К. Кузьминский «О Гр. Ковалёве (составитель о со-составителе)»:

«Григорий Лукьянович (он же Леонович) Ковалев сыграл в создании этой антологии роль, едва ли, не главную. Во всяком случае, все лучшее собрано им или благодаря ему. Я только продолжил.

Фигуру мой друг и учитель, Гришка-слепой, являл знаменательную. Ни одно литературное событие начала 60-х годов не обходилось без него. Завсегдатай Дома Книги, поэтических чтений в Союзе писателей, он был, лучше чем кто-либо, в курсе всей жизни литературной. Ни один из поэтов, уловленных Ковалевым, - не оказался пустышкой. У меня же - промахи случались. А суждения слепого всегда оказывались безошибочными. А он ведь и текстов не видел, так, на слух!

Ослеп он 6-ти лет отроду от кори. Но до сих пор помнит, что буква “ё” похожа на сову. Или это он украл у Сосноры, с которым носился, как с писаной торбой. В 60-е годы в Союзе писателей из задних рядов постоянно доносились выкрики: “Соснора - гений!”, или “Соснора - дерьмо!”, “Бродский - дерьмо!”, “Бродский - гений!” в зависимости от настроения или состояния желудка Григория Лукьяновича на данный момент. Выкрикивал он это вполголоса, не поднимая головы, худые, нервные руки слепого перебирались на коленях. Голова всегда была несколько набок, он как бы прислушивался - не к собеседнику, к себе. Костюм имел один, коричневый, заношенный донельзя, поскольку был сирота, впрочем, помнится, я видел его и в черном. Тоже заношенном, так что, может быть, у него их было два. Но и знал-то его я - на протяжении лет 14-ти! Ботинки тоже были сильно ношеные, с загнутыми носками, от походки - ходил он без палки, мягко ступая, и как бы нащупывая дорогу. Папку или пакет с рукописями (или пластинками) всегда прижимал крепко к груди. В одном глазу у него еще сохранилась доля процента зрения, а второй погиб окончательно, после удачной операции, когда небрежная сиделка, возвращаясь с ним в палату, бросила его одного в коридоре. Он пошел и, натурально, упал, ударившись мордой о кафель, и насмарку пошла блестящая операция.

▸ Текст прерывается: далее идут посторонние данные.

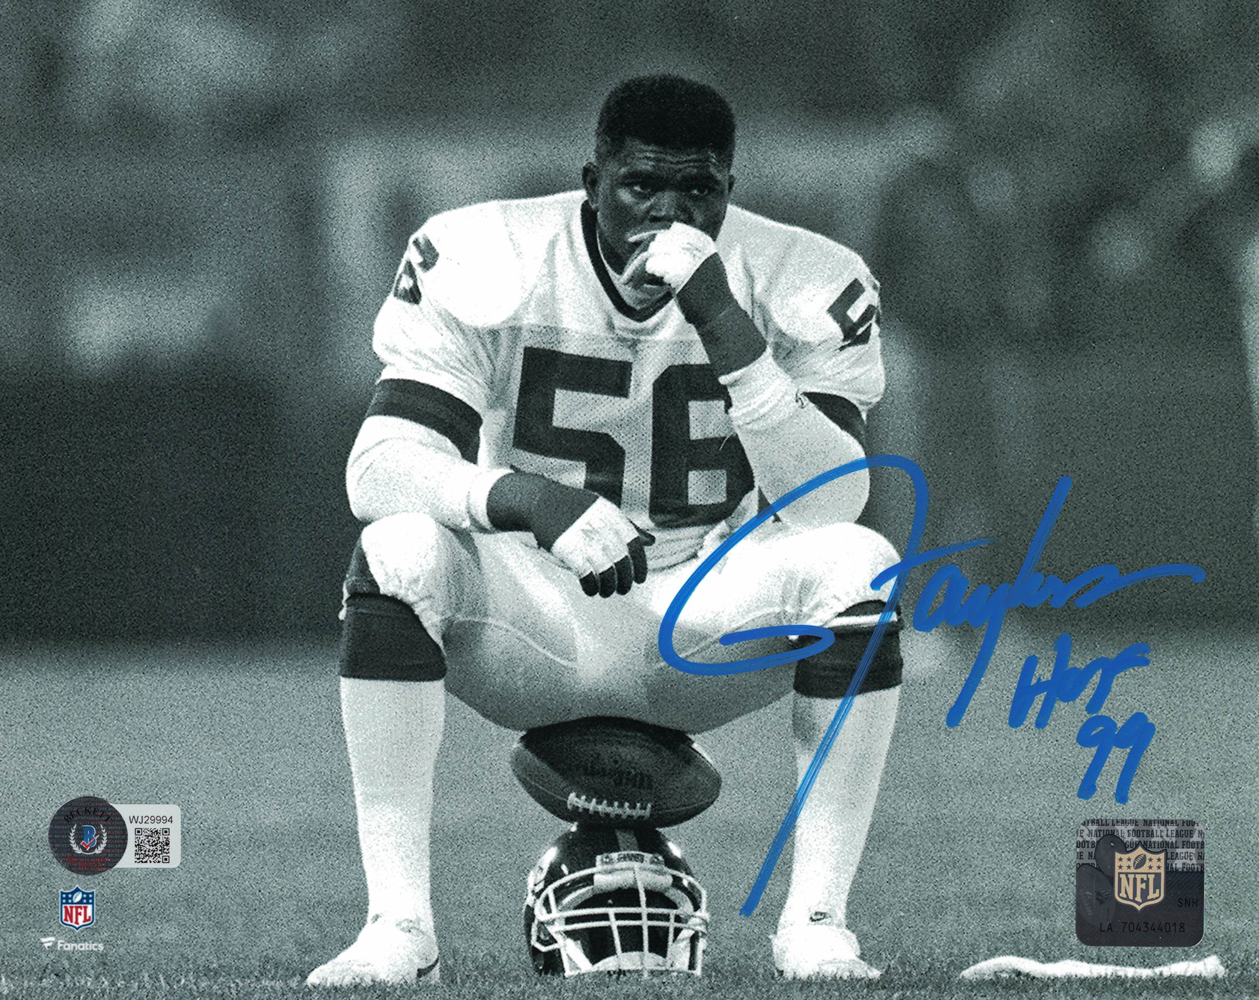 Lawrence Taylor Autographed/Signed New York Giants 8x10 Photo HOF BAS

<…> жил он на пенсию, где-то 20–30 рублей, на которые покупал пластинки. Есть же было не на что, поэтому очень любил булку с колбасой, которую покупал на остатки сам, или приносили друзья и подруги, и пил крепко заваренный чай, который заваривал в здоровой, когда-то белой, поллитровой эмалированной кружке. Чайника у него не было, а пили из стаканов и банок. Жил он сначала на Пестеля, напротив переулка, где Мухинское училище, но недолго, с теткой, родителей у него не было, а тетка дала ему прописку, путем чего и сама получила отдельную комнату на себя, и клетушку для Гришки, в Апраксином переулке. Там еще было две семьи соседей, они, случалось, давали Гришке супу. А тетка его не кормила. Звали ее Матильда Матвеевна, и служила она библиотекаршей на военной кафедре в универститете. <…> Нас же она терпеть не могла. Так Гришка и жил, голодный, постирать ему было некому, в комнате тетка иногда убирала (на случай санитарной комиссии, не из альтруизму!), и никогда не жаловался. Характеру, не могу сказать, чтоб он был веселого, но скучно с ним не бывало. Жил же он всегда чужими заботами, перенося килограммы рукописей из одного дома в другой, перепечатывая, выверяя глазами бесчисленных мальчиков и девочек, собирая и сортируя. Сам он видел лишь настолько, чтобы поднеся бумагу к самому носу, определить - пустая или со стихами, а что там - читали другие. Однако, наощупь, никогда не ошибался, вытаскивал из пачки рукописи Сосноры или (тогда любимого) Иосифа, нужные стихи. <…> Памяти у него не было никакой, помнил он астрономическое количество отдельных строк - и ни одного цельного текста. Но: помнил-то он - наилучшие строчки! И был я у него в учебе годы и годы, хоть и старше он был меня - на каких-нибудь два. Более тонкого (и точного) критика я не встречал, и он - единственный, кому я не рисковал почти читать свои стихи. Ведь - если он скажет, что плохо...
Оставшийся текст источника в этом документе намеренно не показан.